As Clare Murray of CM Murray puts it: ‘There are some incredible empathetic, supportive coaching-type male leaders. Just as there are incredible empathetic supportive female leaders.’
The parental leave penalty
For several founders, experiences or observations in their early careers shaped how they approached building their own firms – particularly around parenting. Even though motherhood is no longer a career killer for women, it can still have corrosive effects.
Harrison says: ‘When I had my children, due to the culture I was working in at the time, I had to make huge sacrifices.’
‘Women will check themselves out of the game, because of a sense of what they ought to be doing’
Murray (pictured right) meanwhile talks of the ‘maternal leave penalty’; referencing how easily client relationships fall away or are diverted to others during long absences and are not then proactively reinstated or replaced on return.
While flexible and hybrid models are becoming increasingly embedded at large firms, cultural expectations at home have not shifted as quickly.
Vardag questions ‘why women are encouraged, by everything around them, to feel that they should be the default point when it comes to childcare – and not in a way that is cognisant of their need to make their way in the world.’
That pressure still shapes career decisions long before partnership discussions arise.
‘It is all there for the taking if you want it,’ Vardag says. ‘What is hardest is that women are made to feel guilty about wanting it relative to having a domestic role.’
And so, as seniority rises, Vardag says that ‘women will check themselves out of the game,’ – ‘not because nobody wanted them, but because of a sense of what they ought to be doing.’
For many founders, building their own firms created an opportunity for redress. Several say they have introduced formal support mechanisms – from designated return-to-work officers to structured client reintroductions – designed to prevent long-term career setbacks.
‘It is about creating a culture where women can thrive as both lawyers and parents,’ says Harrison.
What’s next
Looking ahead, the founders describe a profession that is slowly changing.

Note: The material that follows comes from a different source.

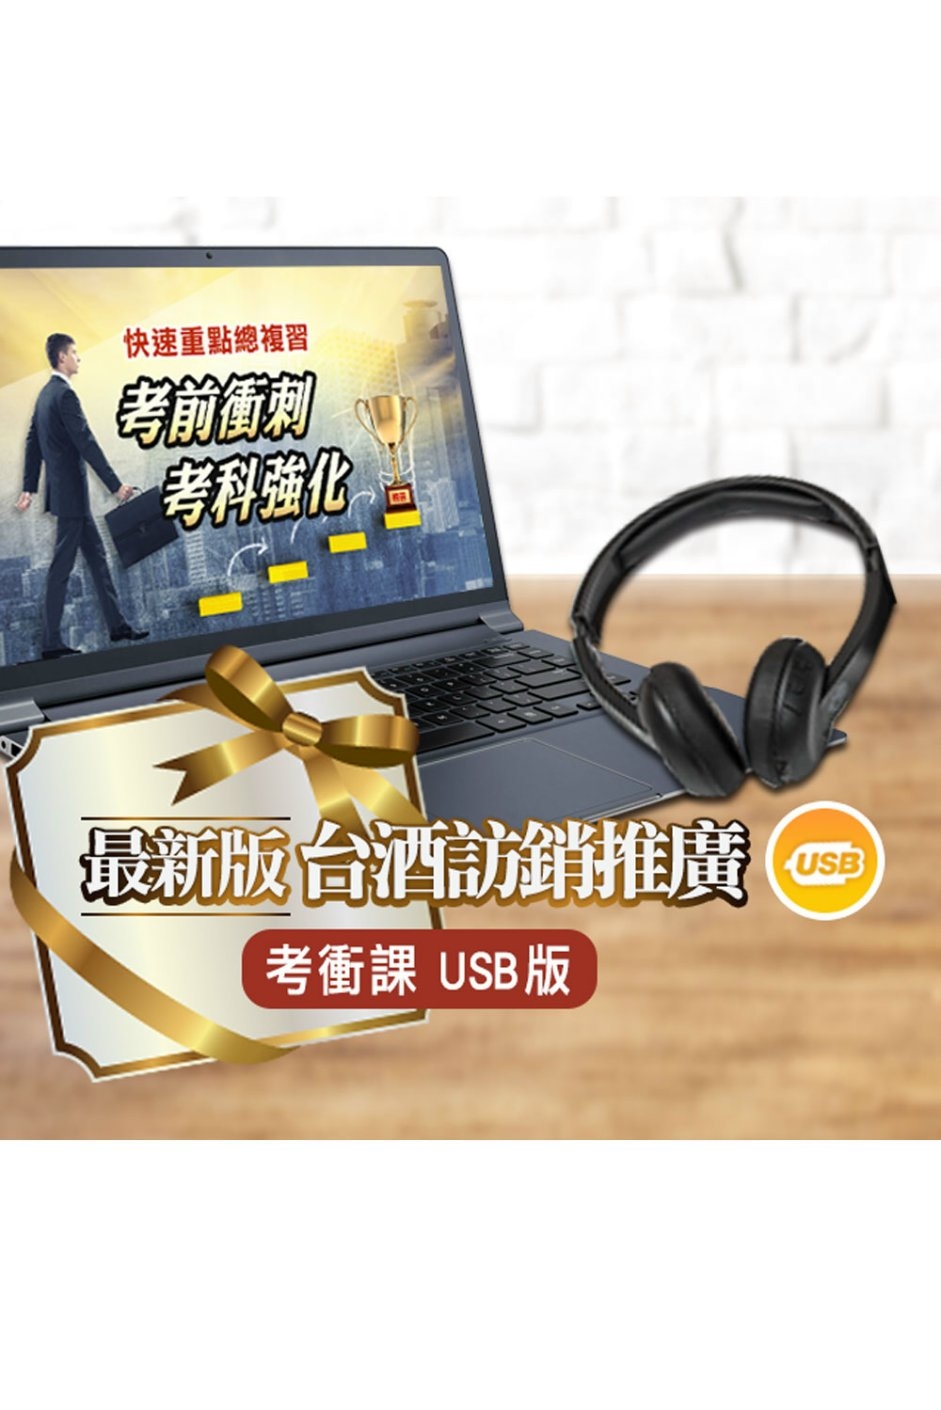 台灣菸酒從業評價職位人員[訪銷推廣]考前衝刺課(USB隨身碟版4堂12小時)(D538E22-1)
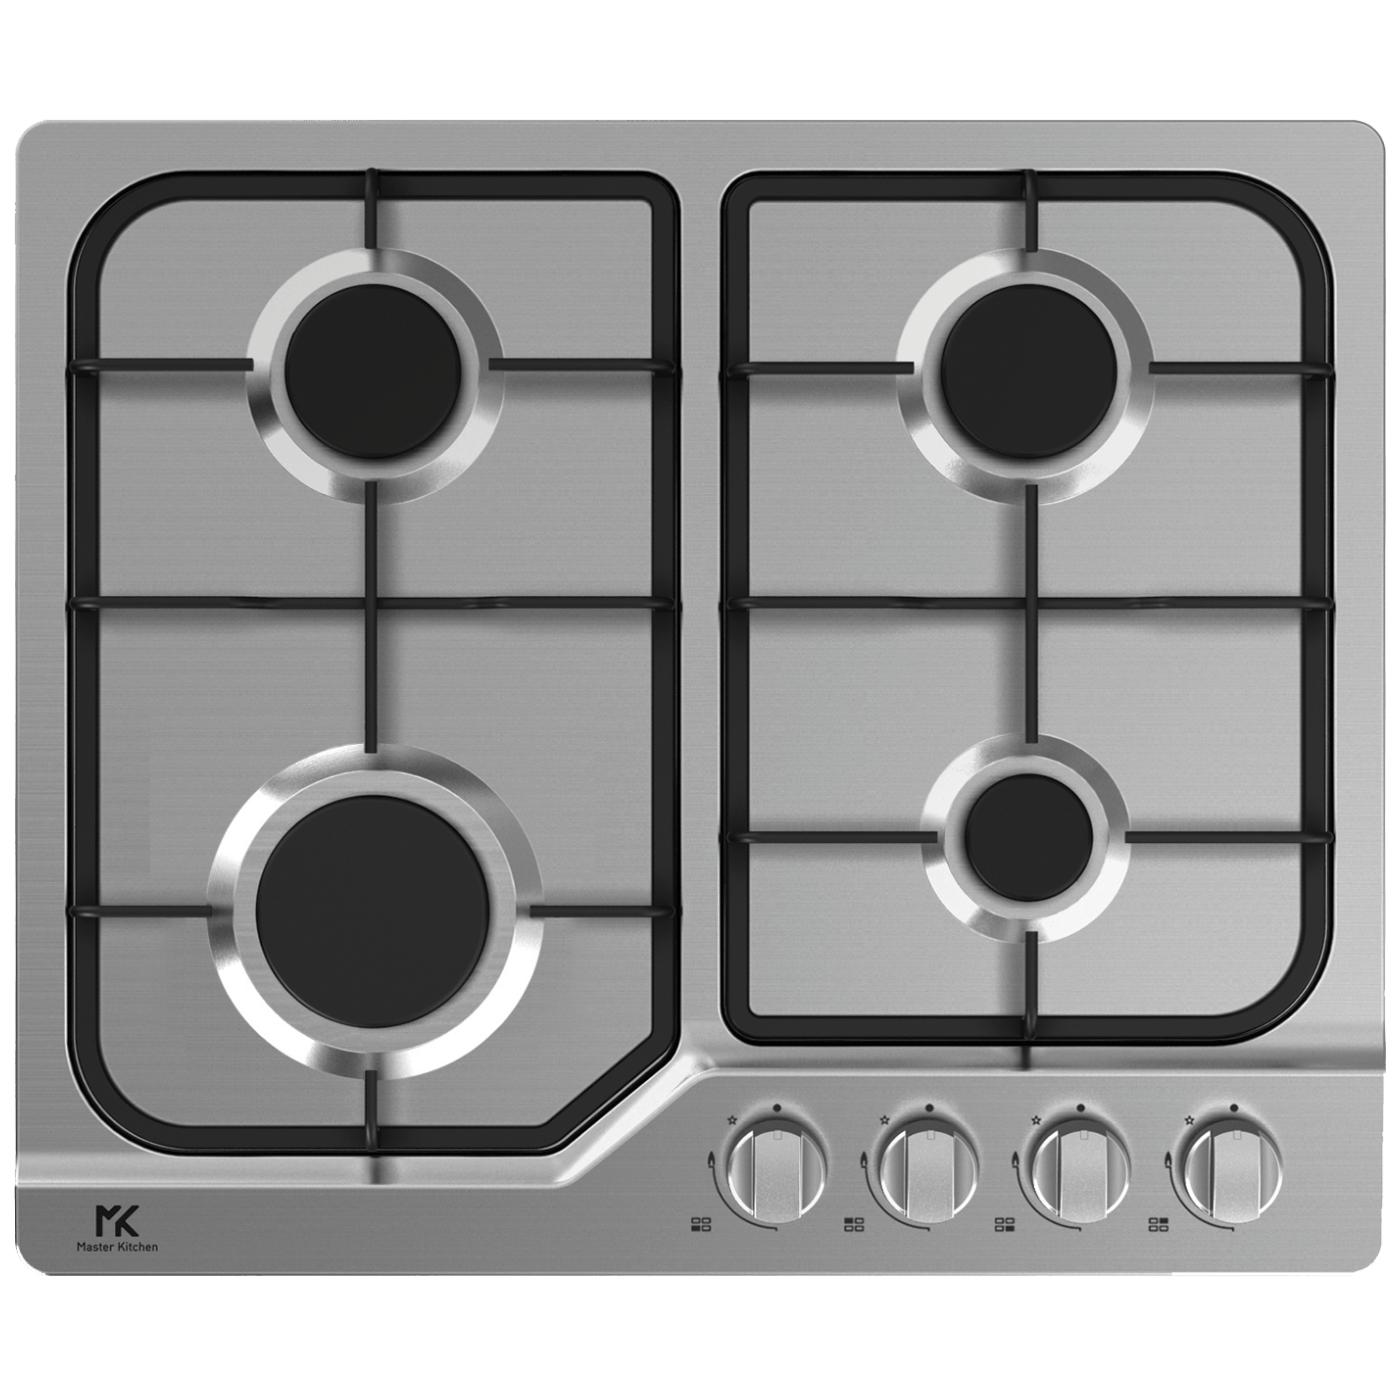 Ugradbena plinska ploča za kuhanje, INOX

Edmonds points to the strong pipeline of female associates at her firm: ‘I’ve seen far more women and certainly junior women now coming into the profession. We have a huge number of female associates who are enormously talented and will definitely become partners,’ she says.
Murray (pictured) recognises a generational shift in attitudes. ‘Young women coming into the profession are confident in a way that I certainly didn’t feel; they are quite clear-sighted as to what they will and won’t tolerate, and what their expectations are in terms of family life and support,’ she says.
‘Many young women still feel vulnerable about potential consequences if they do speak up’
At the same time, she notes a more complicated reality. ‘It feels like young women are much more empowered – although it’s also clear that many also feel vulnerable about the potential consequences if they do speak up about unfair treatment and misuse of power. It’s important we have the standards, processes and effective leadership from the top to ensure we protect and support those young women (and also men) who do take a stand and speak up.’
Progress depends on what firms choose to do next. Many believe change will
only come through consistency.
Harrison puts it succinctly: ‘It’s female leadership, it’s driving change organically, it’s mentoring women coming up,’ she says.
‘It’s individual, but it’s also cultural within firms. You have got to really believe in diversity, not just tick a box.’
For Taylor (pictured right), structural disadvantages remain at the fore:
‘It is really hard to effect change when you’re one woman. You have to almost make it your sole mission to go out and improve the lot for women in the profession. But you’ve somehow got your day job to do as well.’
And some old habits die particularly hard.
‘Mansplaining is still completely out of control in the legal profession,’ she concludes. ‘It’s tiresome.’